On a snowy, cold night in January, the moment I had dreaded had arrived. Cliff entered the room in which his Grandpa was laid out. I went to him, taking his hand and leading him to the kneeler. I said, “Cliff, we’re going to say a prayer for Grandpa and tell him we love him.” Smiling, he approached, kneeling next to me. What he did then, and what he did subsequently, speaks to the innocence with which he deals with the aspects of life he doesn’t understand. He draped himself over the high part of the kneeler like a blanket and reached his hand out to touch the silky insides of the casket, observing the still form of someone he had loved in life, and who loved him back. He looked from Grandpa to me, smiling and emitting what sounded like a soft, sustained staccato-like giggle. It’s the sound he makes when he’s nervous or confused.
“Tell Grandpa ‘I love you’”, I coaxed him.
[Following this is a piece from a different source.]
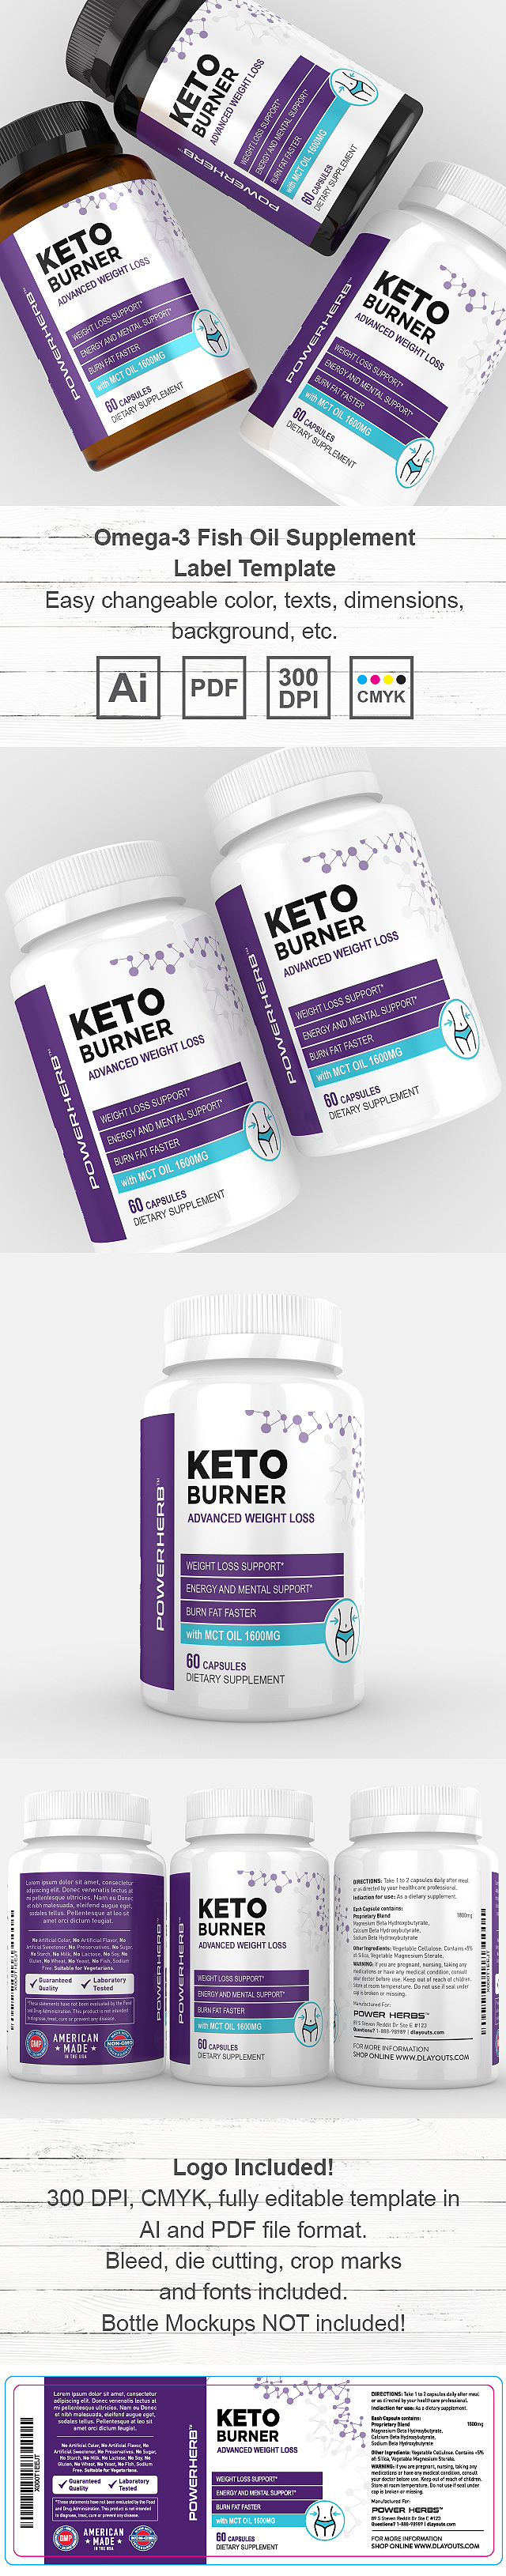 Keto Fat Burner Supplement Label Template

“Love you Gampa”, he said. We stood up and he walked over to my mother and hugged her for a long time. The rest of the evening and into the next one, Cliff sat contentedly in a chair, saying hello and hugging anyone who asked for hugs, and some who didn’t. He never complained once, which under normal circumstances wherein he’s sitting around for hours without food, drink or his iPod, he most certainly would have. His understanding of the situation was present on some level; he knew something awful had happened, that people were sad enough to cry, and he had to be quietly patient. I believe people with Down syndrome, particularly my son, do have the capability of insight. Because Cliff is mostly non-verbal, he has a good “EQ”, or emotional quotient, and can be sensitive to the emotions of others. In the book, Mental Wellness in Adults with Down Syndrome, the authors state that “one of the ways people with DS may compensate for a lack of abstract thinking is by being very sensitive to the feelings and emotions of others (what we call ‘emotional radar’). They often interpret and respond to other people’s behavior through this lens of understanding.”
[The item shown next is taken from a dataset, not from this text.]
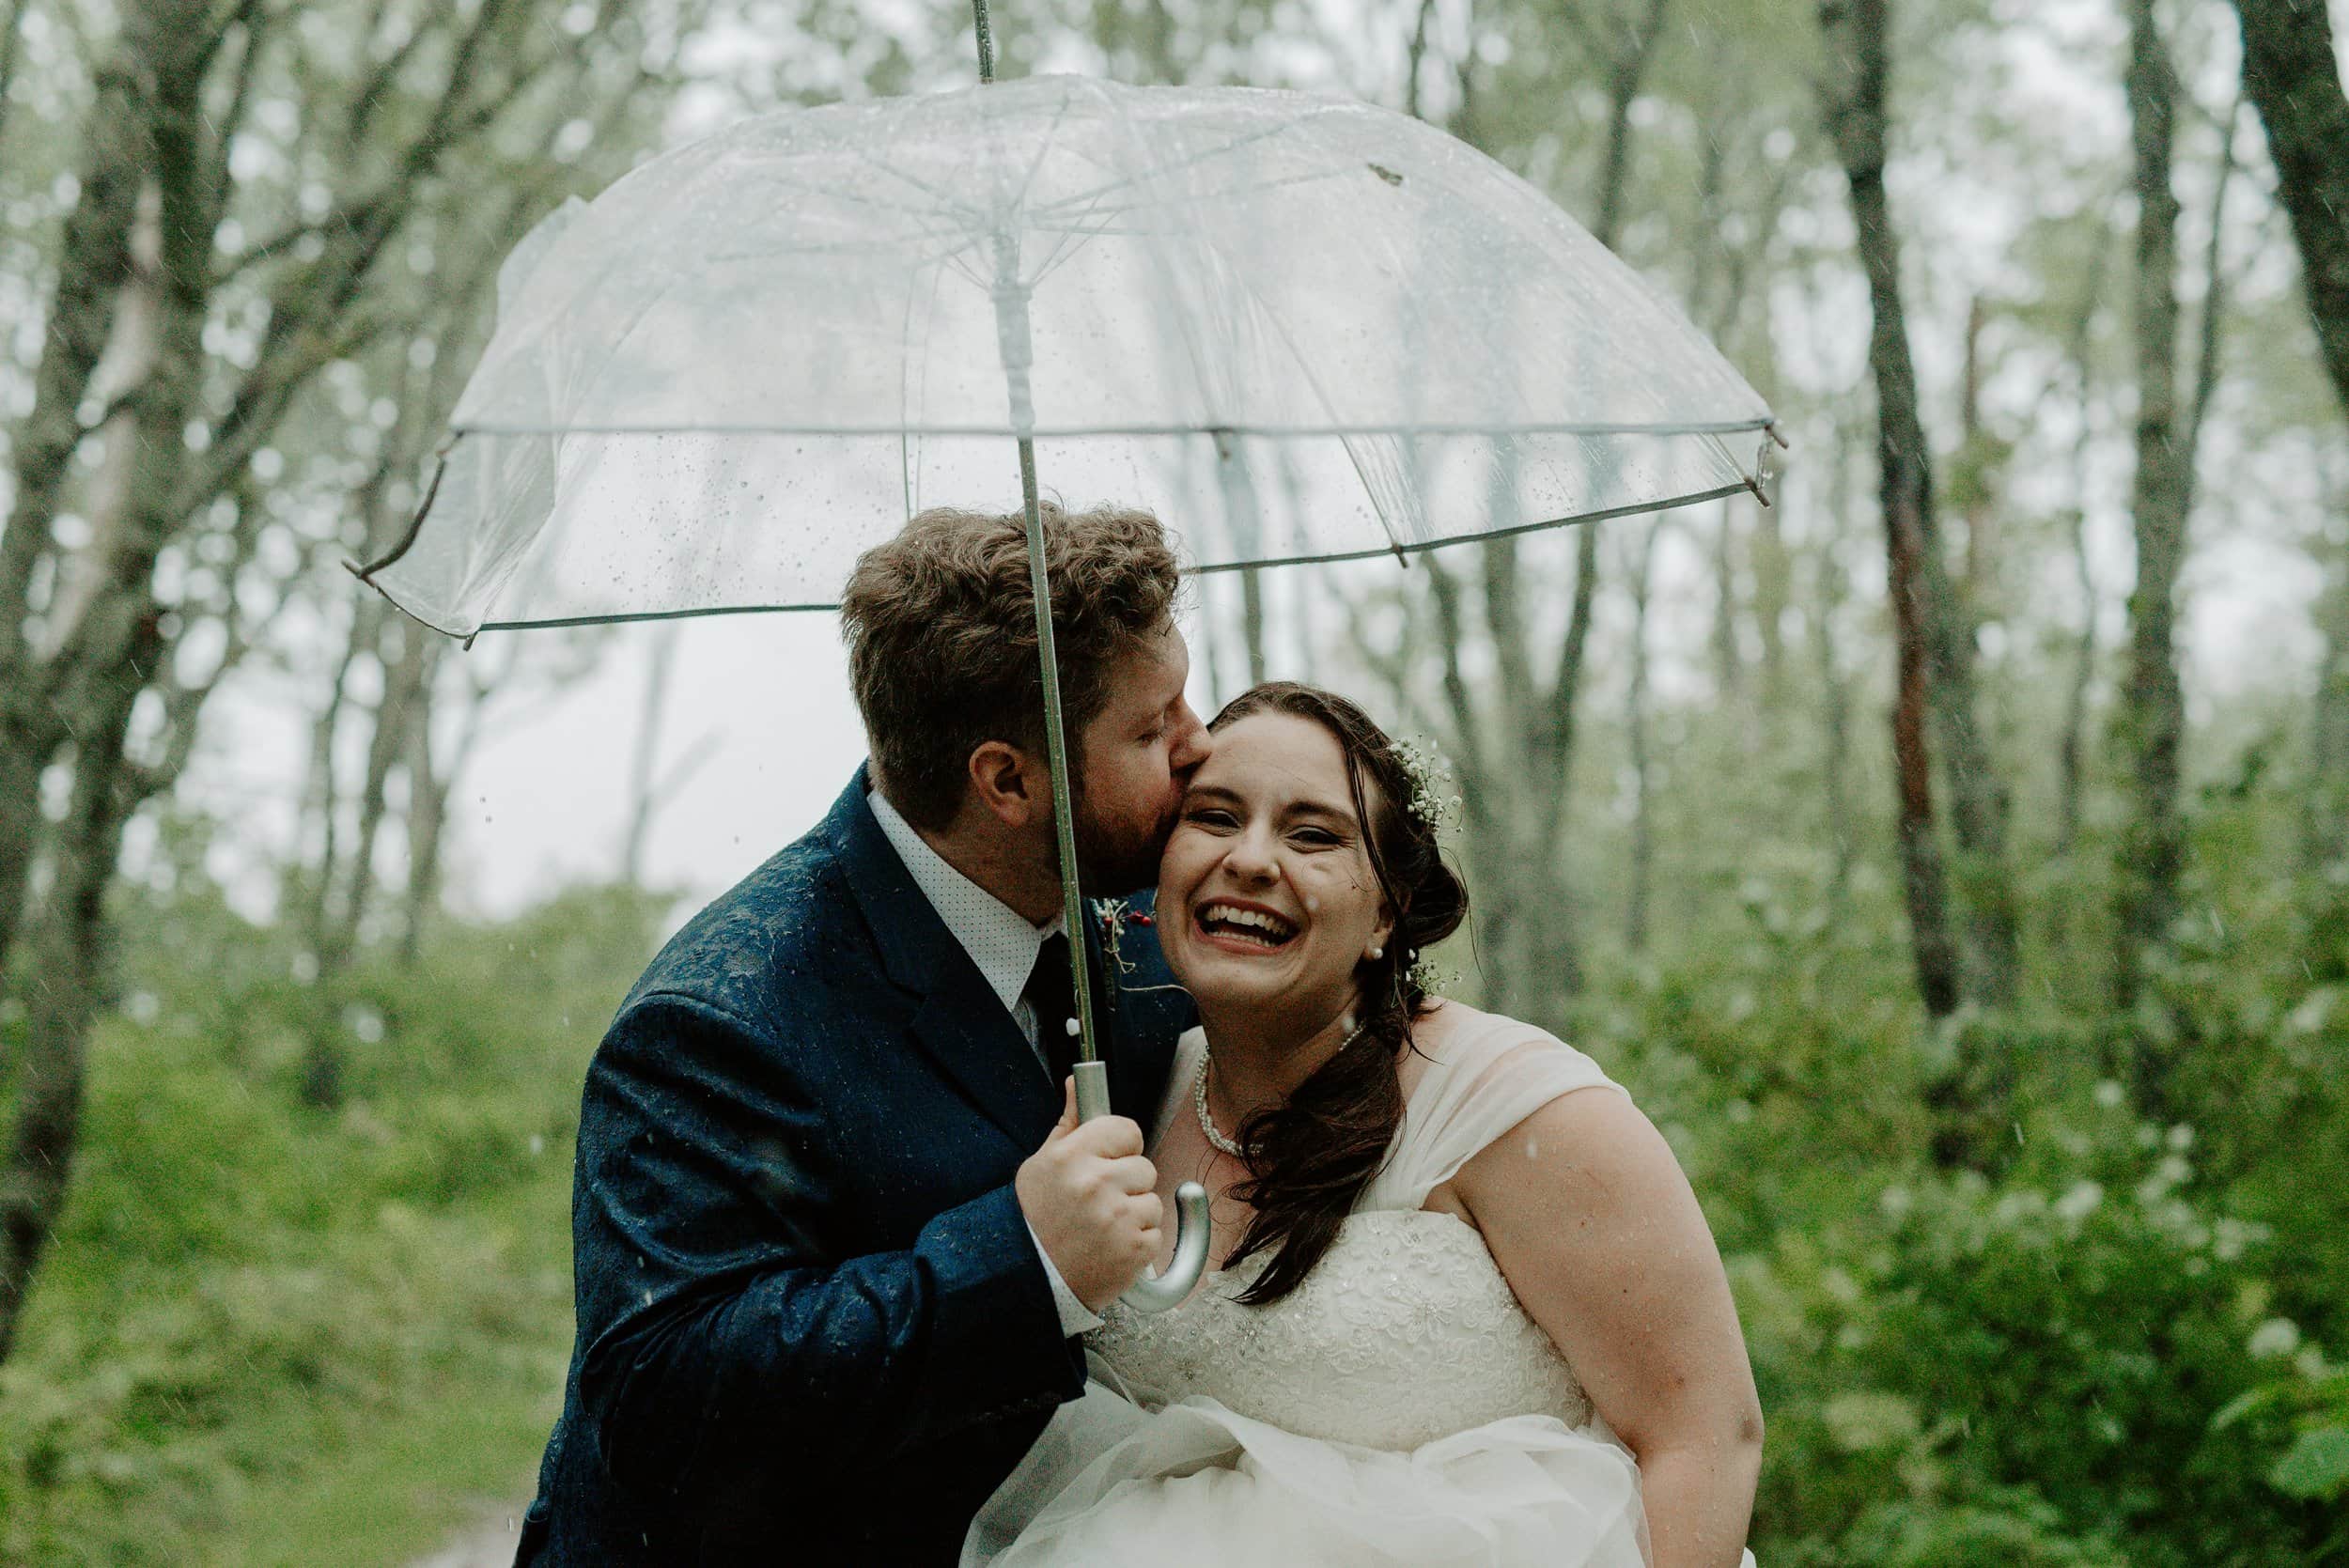 PEI Wedding photography - Michaela Bell Photography

I should add that people with Down syndrome (and let me say there are exceptions to this rule) when faced with the death of a loved one, can take up to six months to process that loss and all its implications .He/She will come to think, If my loved one is gone forever, that means he won’t sing to me anymore, won’t take me places, won’t make me laugh or hug me anymore. This is a huge worry, naturally. I have no earthly idea how or when Cliff will show his grief at a monumental loss such as this one.
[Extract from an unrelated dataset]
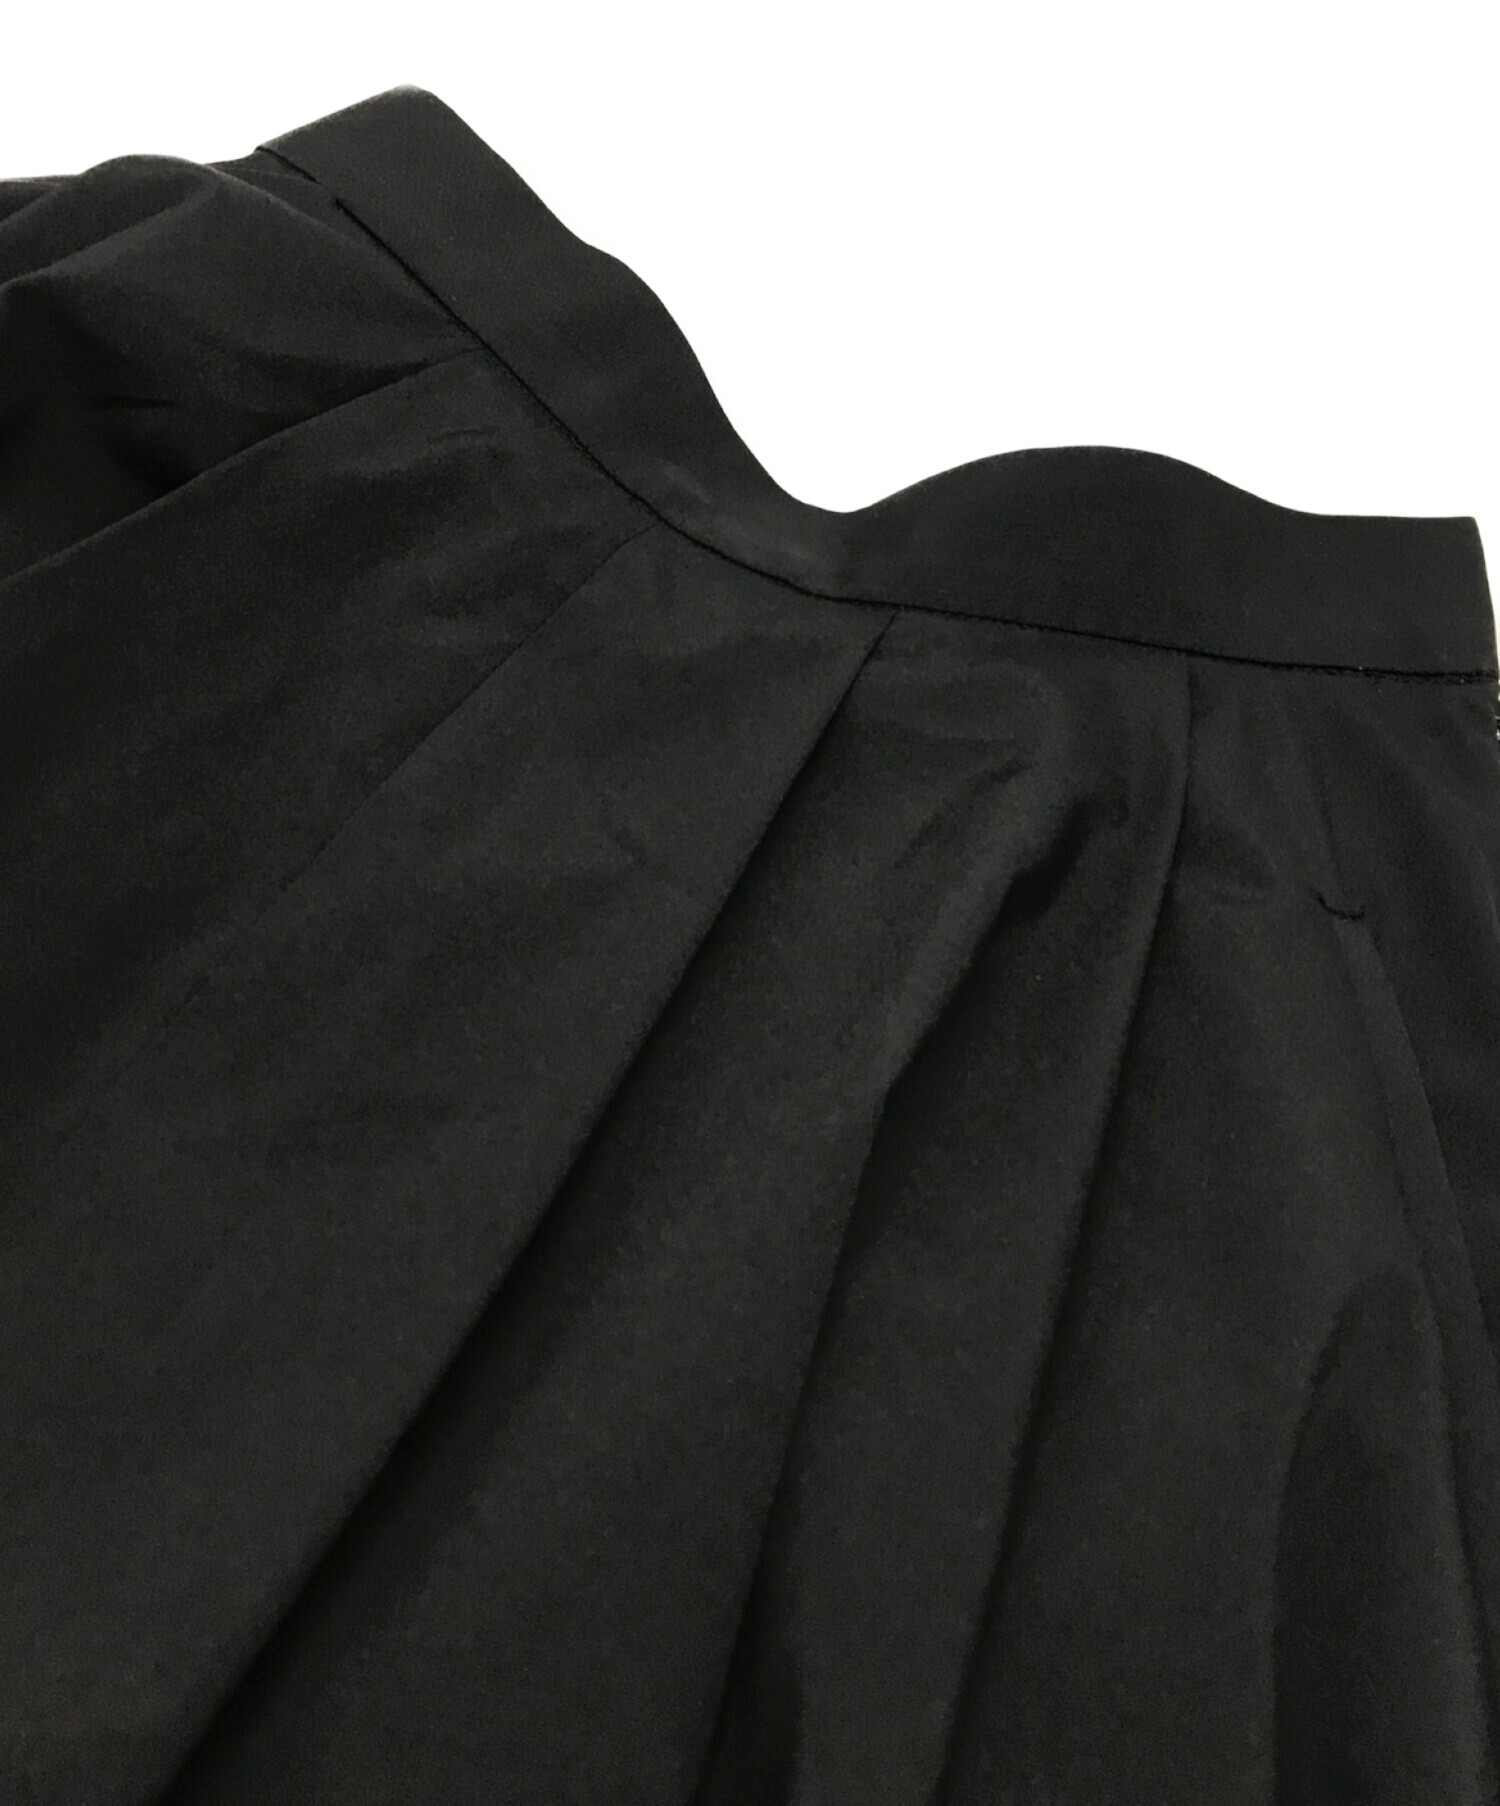 SHE tokyo (シートーキョー) KATY バルーン フレアスカート ブラック サイズ:34

When we returned to New York and visited with Grandma earlier this week, he hugged her for a long time. “Gramma, Gramma”, he said into her ear. Does he know the depth of her sadness? I tend to think he does, but whether he does or doesn’t, she felt comforted, if only for a moment. That’s all we can hope for this early in the game. If the time comes when Cliff grieves in earnest, I hope to recognize it and make it all okay, as my dad would have done for him once upon a time.